§ Task details: Give the data below again exactly, and drop each picture from it.

Top of The data

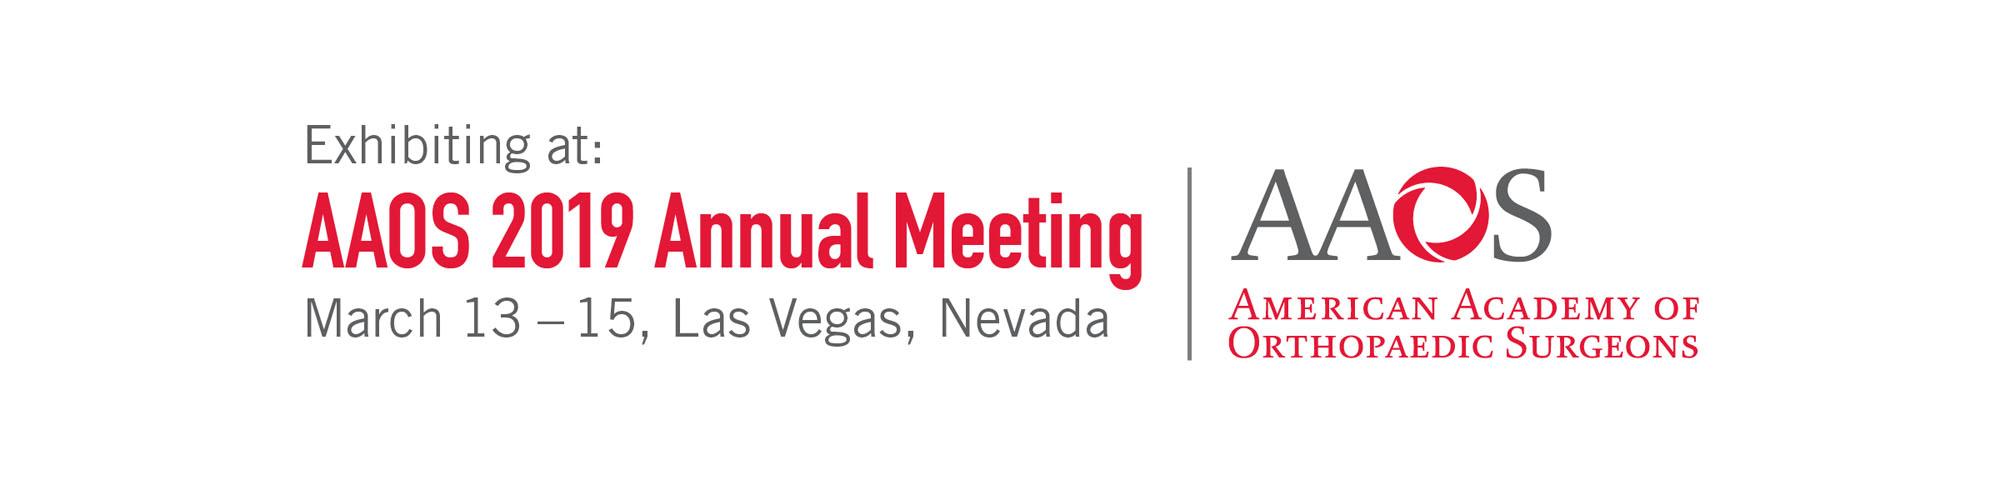 AAOS exhibiting logo
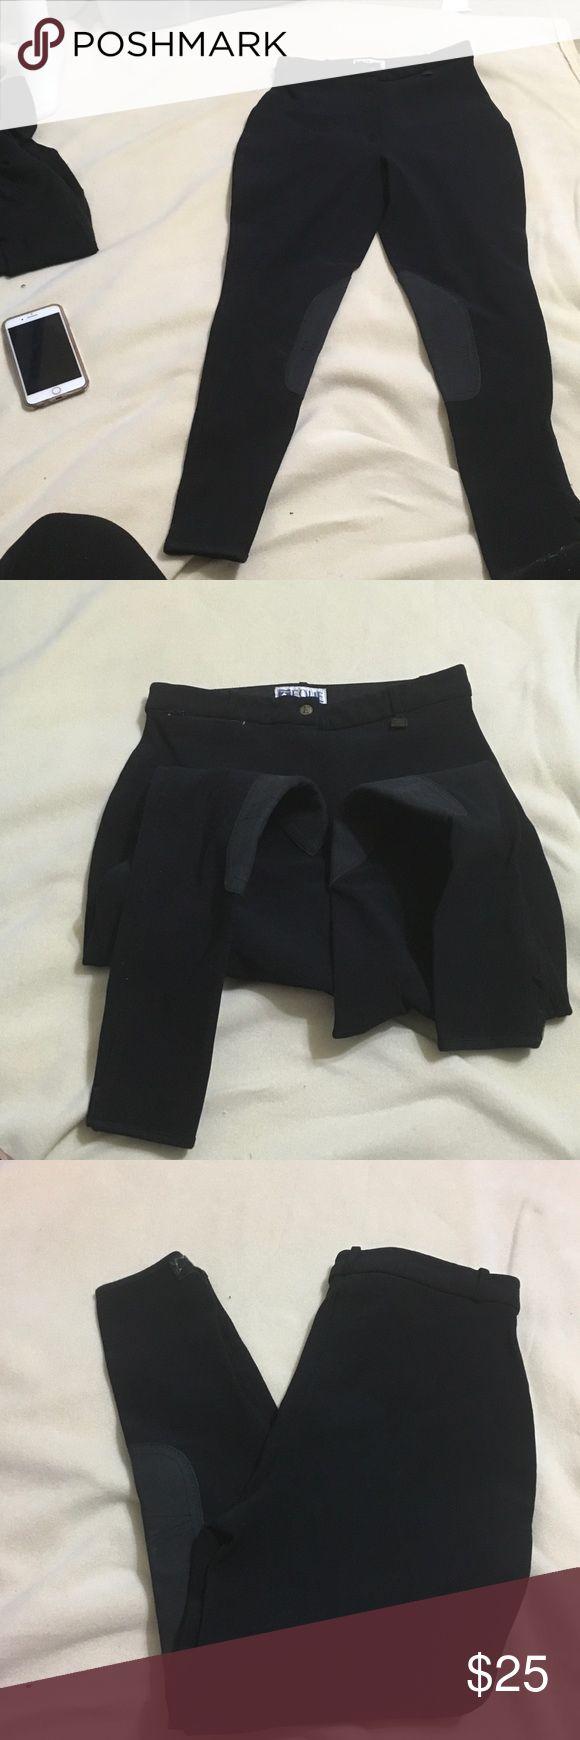 Cavalier Equestrian fashion Size 30 cavalier Pants Leggings
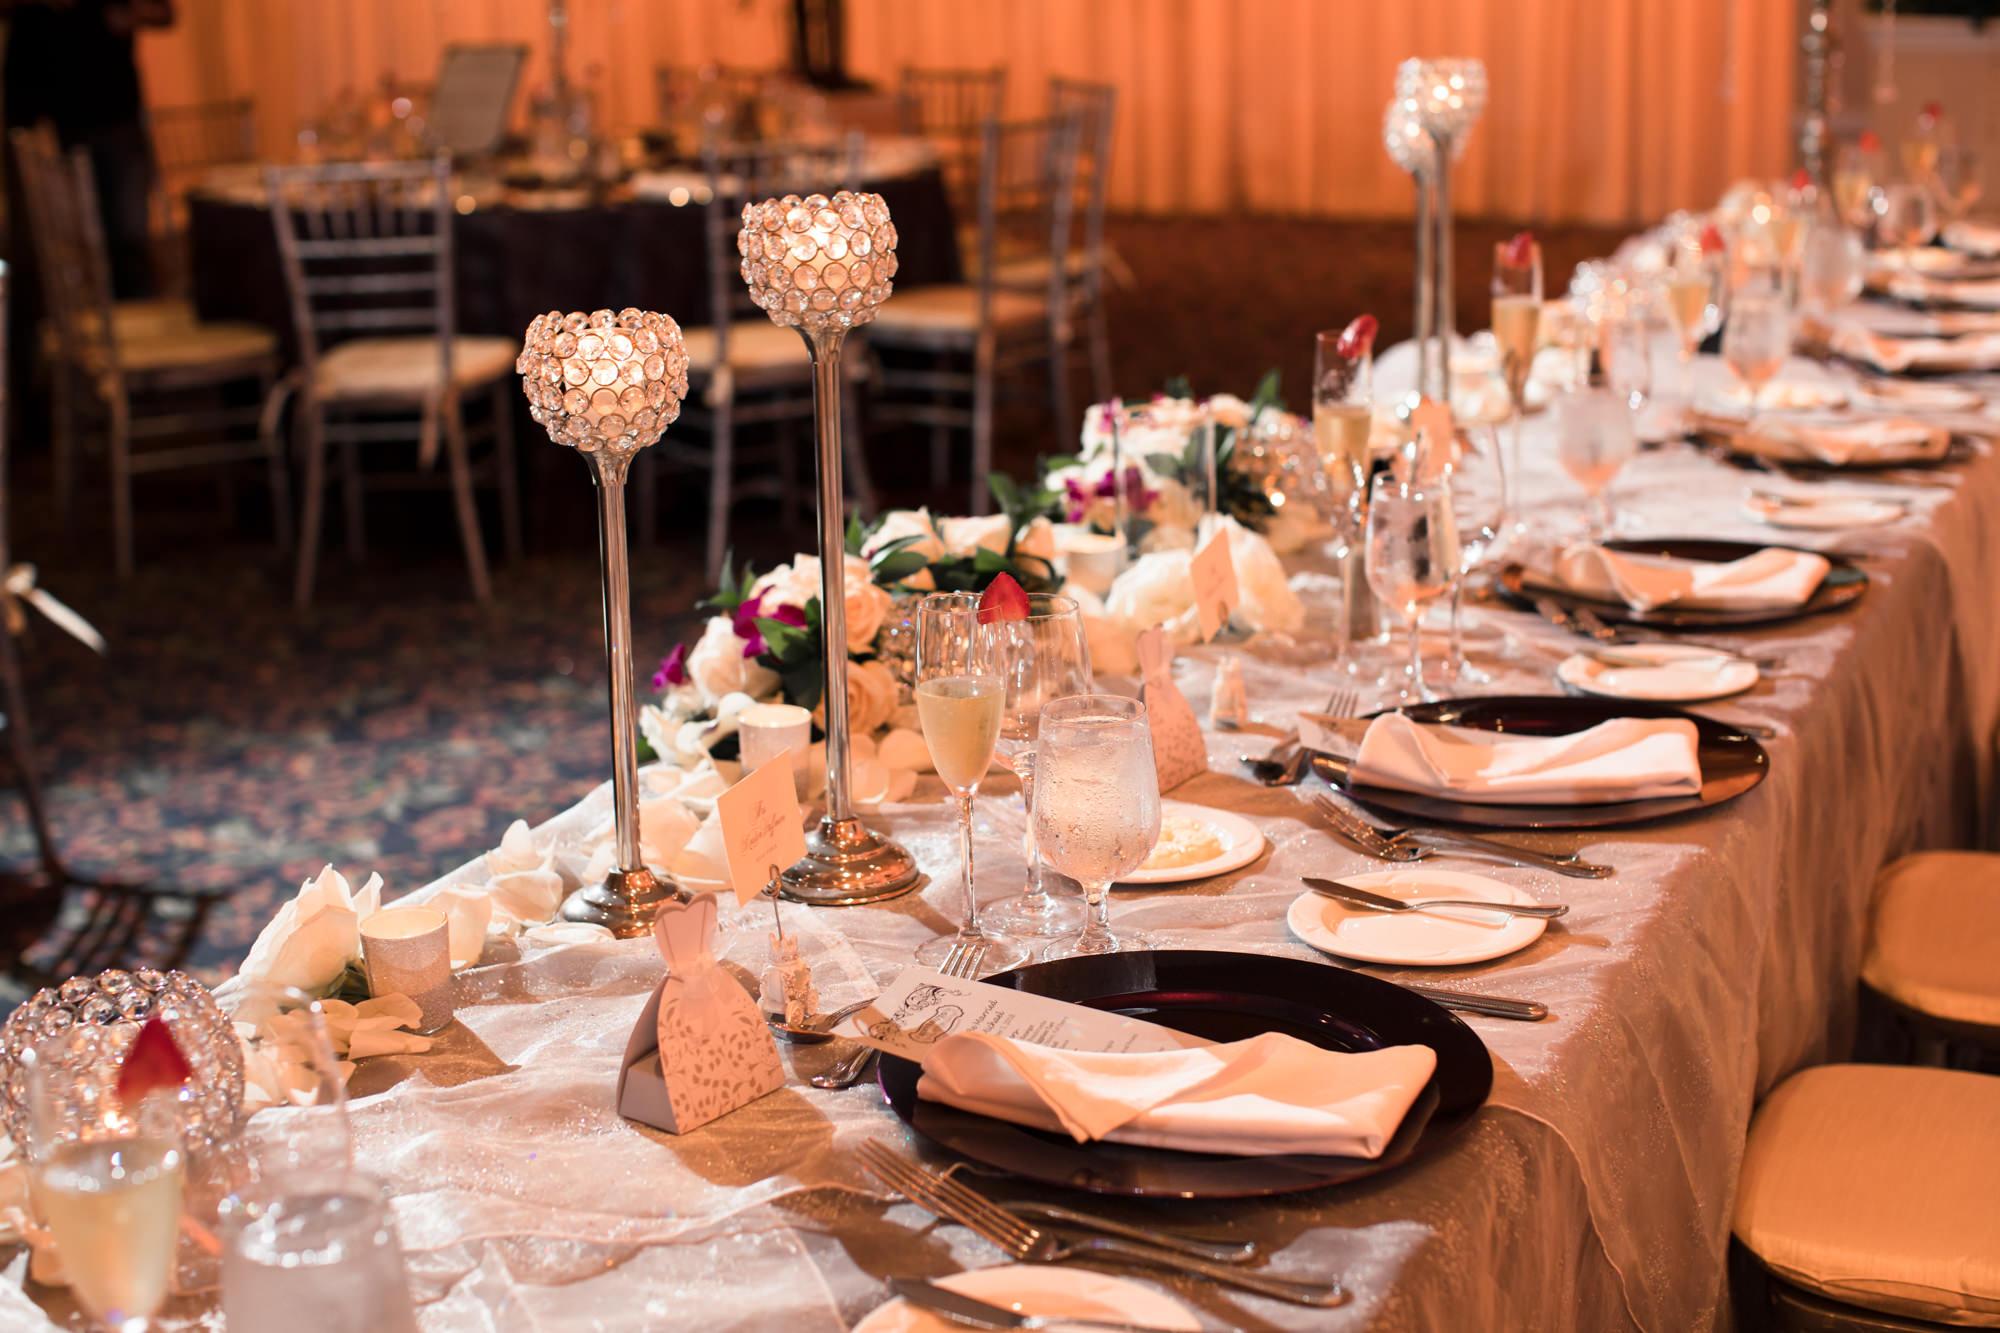 Benvenuto_Wedding_catholic_Florida_Bride-Groom-99.jpg

Bottom of The data

§ Your response:
 AAOS exhibiting logo
 Cavalier Equestrian fashion Size 30 cavalier Pants Leggings
 Benvenuto_Wedding_catholic_Florida_Bride-Groom-99.jpg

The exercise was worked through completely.